Zu Zeiten der DDR wurden erst 1981 erste rechte Kerne registriert. Zuvor waren rechte Tendenzen eher Privatsache und fielen nur vereinzelt und nicht organisiert auf. Anfang der 80er traten rechte Gruppen hauptsächlich innerhalb von Freundescliquen oder in Fußballstadien in Erscheinung, wobei die politische Motivation nur sehr ge­ring oder gar nicht vorhanden war.

Der Rechtsextremismus äußerte sich in zahlreichen Gewalttaten, die sich vor allem gegen die linke Szene richtete. Dies hatte den Hintergrund, dass die rechte Bewe­gung auf Werte wie Fleiß, Gehorsam und Ordnung baute und somit im krassen Ge­gensatz zu den Werten der linken Szene lebte und diese grundsätzlich verachtete. Hieraus entwickelten sich ersten Tendenzen von Rassismus und Antisemitismus.

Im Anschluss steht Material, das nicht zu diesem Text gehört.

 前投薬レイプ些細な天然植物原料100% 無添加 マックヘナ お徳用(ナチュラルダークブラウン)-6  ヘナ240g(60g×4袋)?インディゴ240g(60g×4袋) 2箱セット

Mitte bis Ende der 80er Jahre entwickelte sich aus nur zum Teil strukturierten äu­ßerlich sehr auffälligen Skinheads die sogenannten „Faschos“, die äußerlich unauf­fälliger agierten und systematisch gegen das SED – System arbeiteten. Die rechten Ideologien wurden verfeinert und organisierter. Dieser Anpassung folgten Ende der

80er Jahre auch Teile der Skinheadszene, die zunächst versucht hatten, staatlichen Einrichtungen fernzubleiben oder auszutreten. Die Anpassung erlaubte den Skin­heads und den „Faschos“, unerkannt am gesellschaftlichen Leben teilzunehmen, was vom DDR – Innenministerium als Infiltrationsversuche gesehen wurde.

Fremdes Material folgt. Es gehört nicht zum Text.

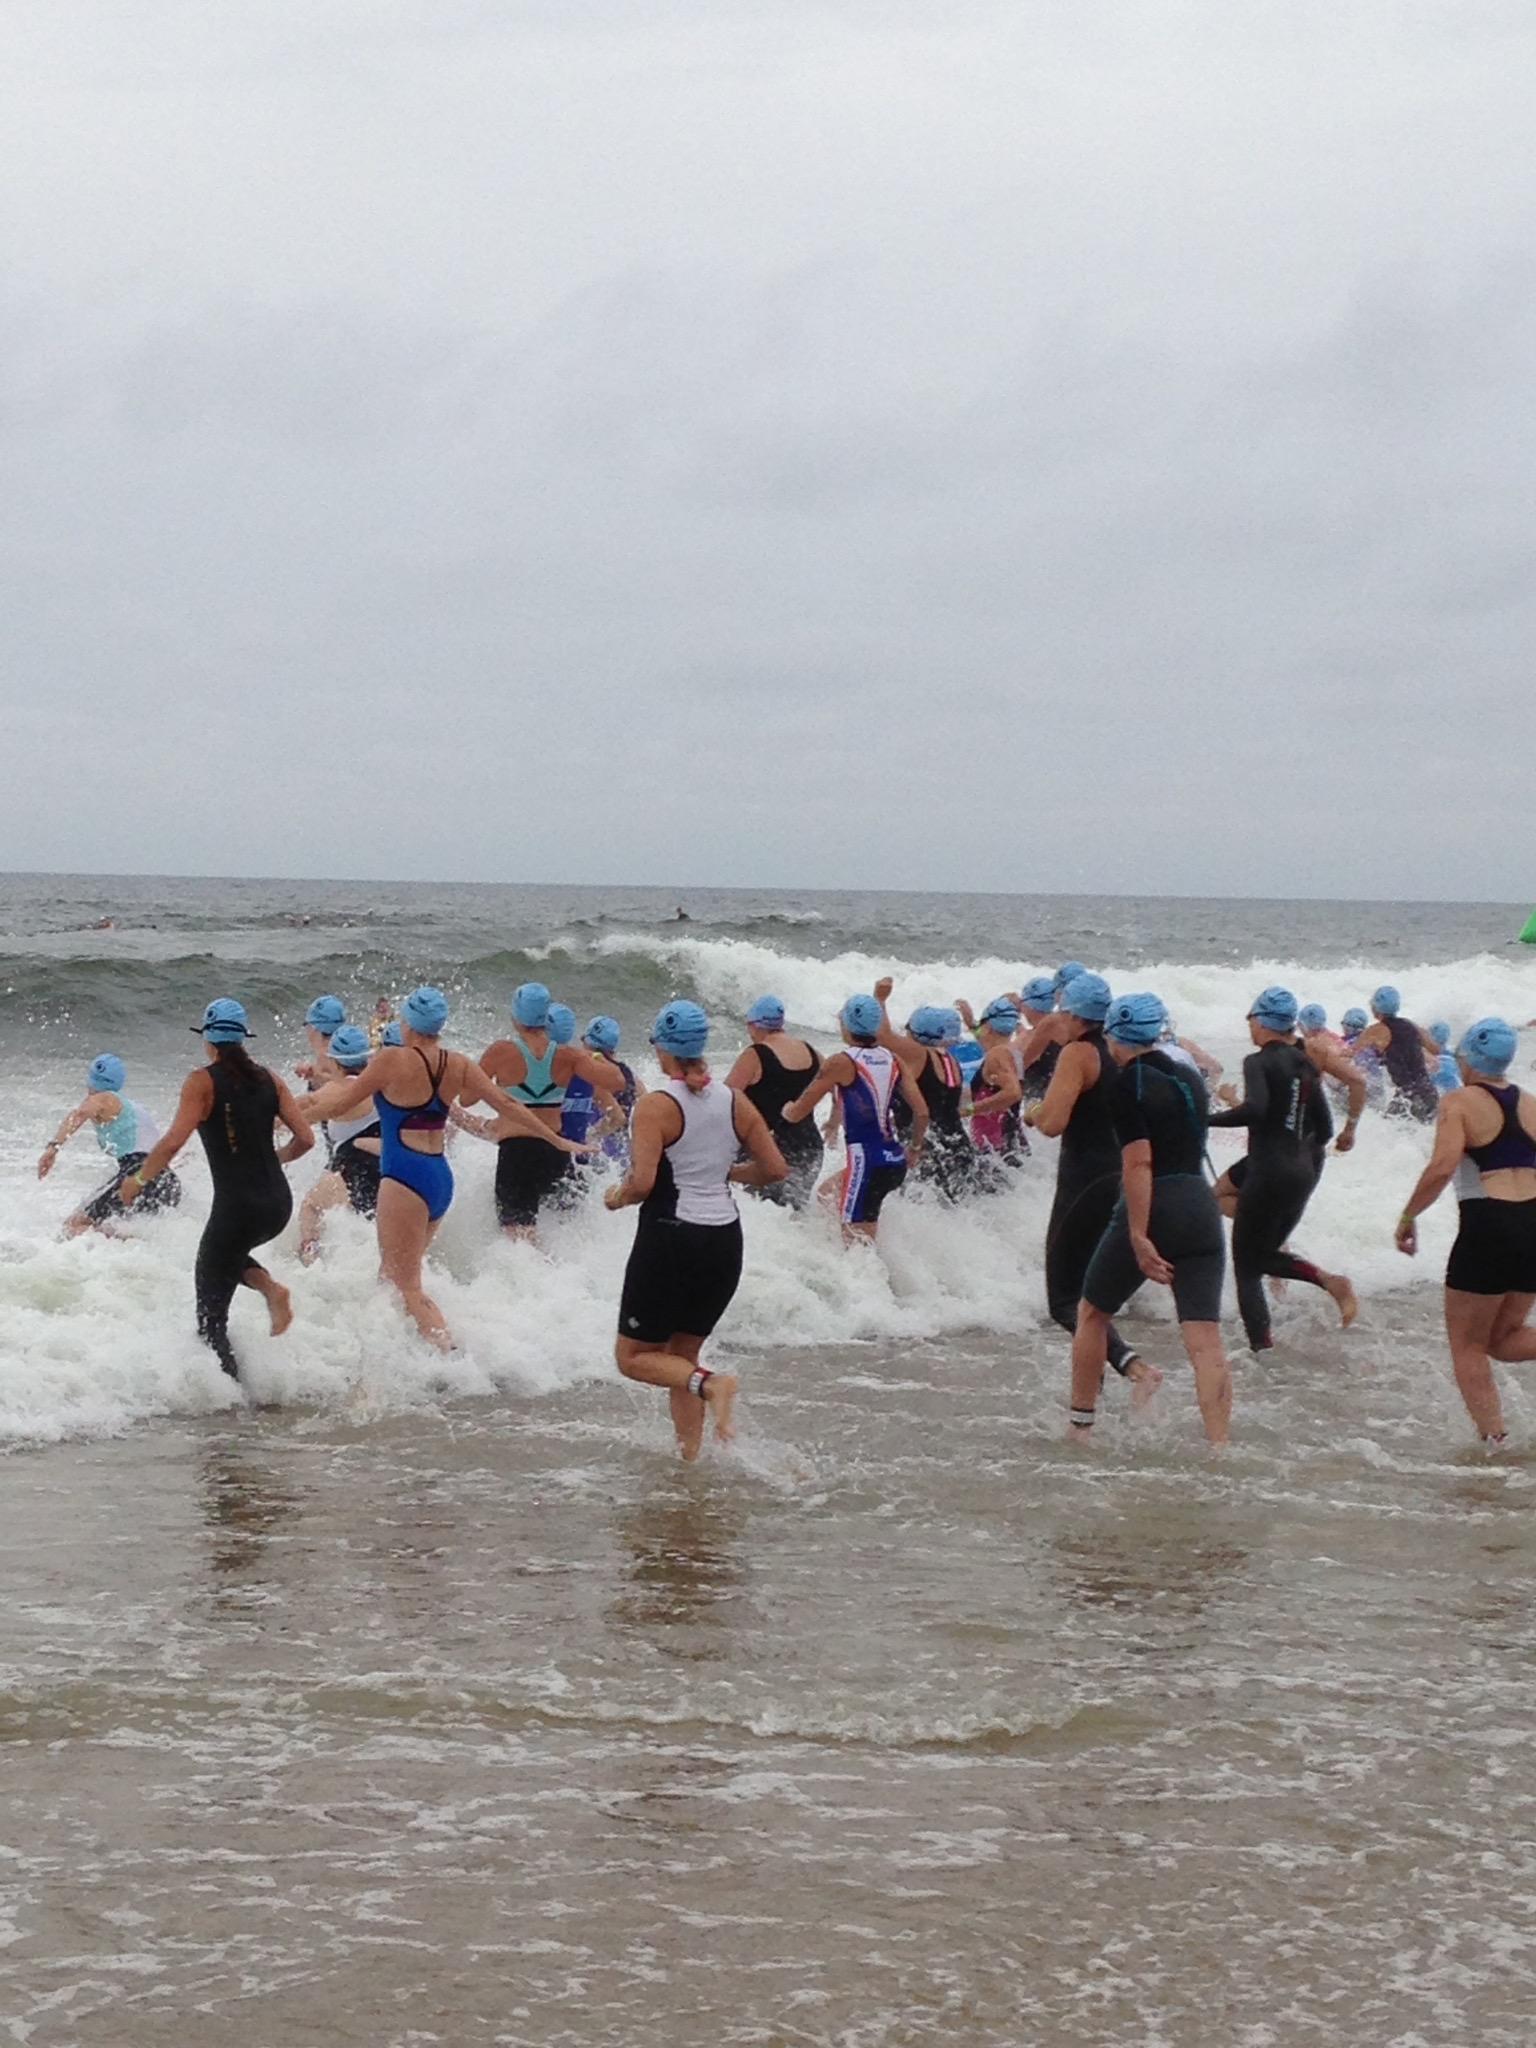 Triathlon Tips for National Triathlon Week

Die Existenz des Rechtsextremismus wurde durch das SED – System bis zum Fall der Mauer geleugnet und stets darauf hingewiesen, dass es in der DDR keinen Nähr­boden für derartige gegen das System arbeitende Ausflüsse gebe. Gruppen aus dem Westen hätten rechte Ideologien injiziert.

Doch ohne einen Nährboden für Rechtsextremismus in der DDR wären versuchte Einflussnahmen durch den Westen gescheitert. Es wurde in einem durch Kaderpoli­tik geführten Staat wie der DDR unbewusst der Faschismus angeschoben, da in der DDR ebenfalls die Unterordnung und die Autorität, also Werte, die auch den Fa­schismus prägen, im Vordergrund standen. Demokratische Tugenden traten somit in den Hintergrund.

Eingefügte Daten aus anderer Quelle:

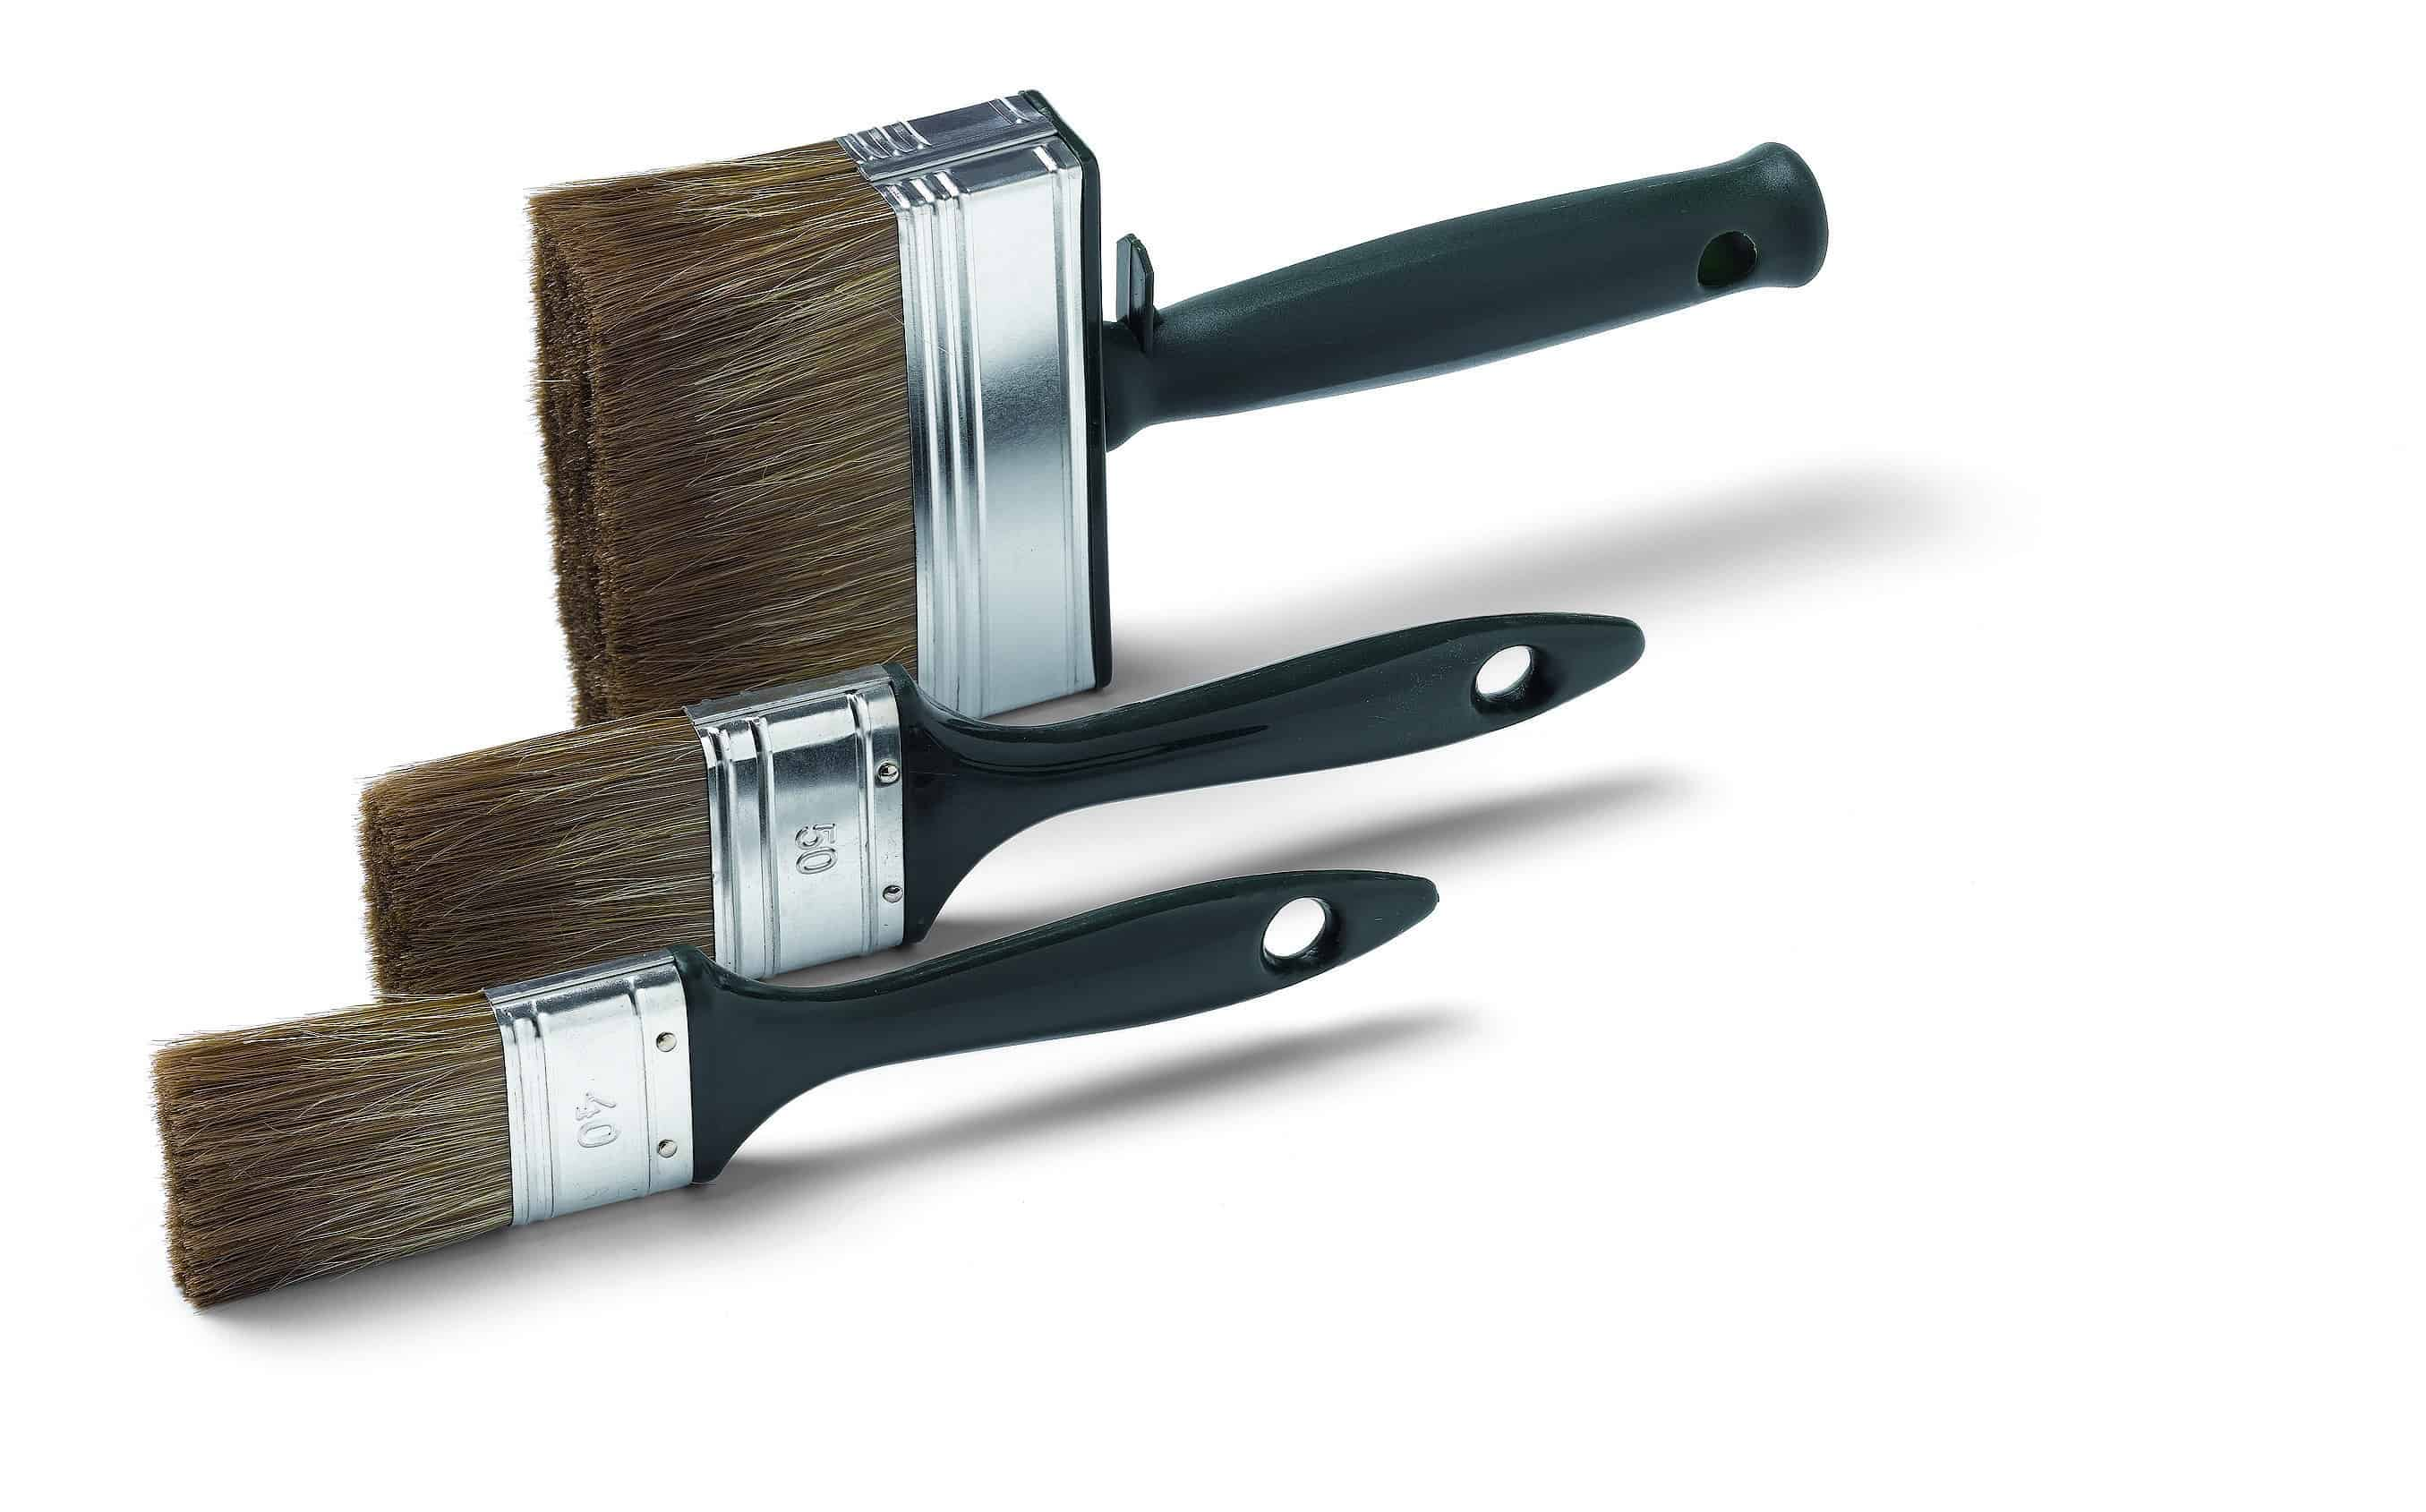 Holzschutzstreichset Timber FS

Ein weiterer Grund ist das Scheitern des Sozialismus in der DDR. Einigen, die sich gegen den Sozialismus stellten, aber gleichzeitig deren Tugenden in Teilen befür­worteten, blieb letzten Endes kaum eine andere Wahl, als sich der faschistischen Bewegung anzuschließen, da demokratische Werte nicht vermittelt wurden.

So kann man sehr wohl von einem rechten Nährboden innerhalb der DDR sprechen.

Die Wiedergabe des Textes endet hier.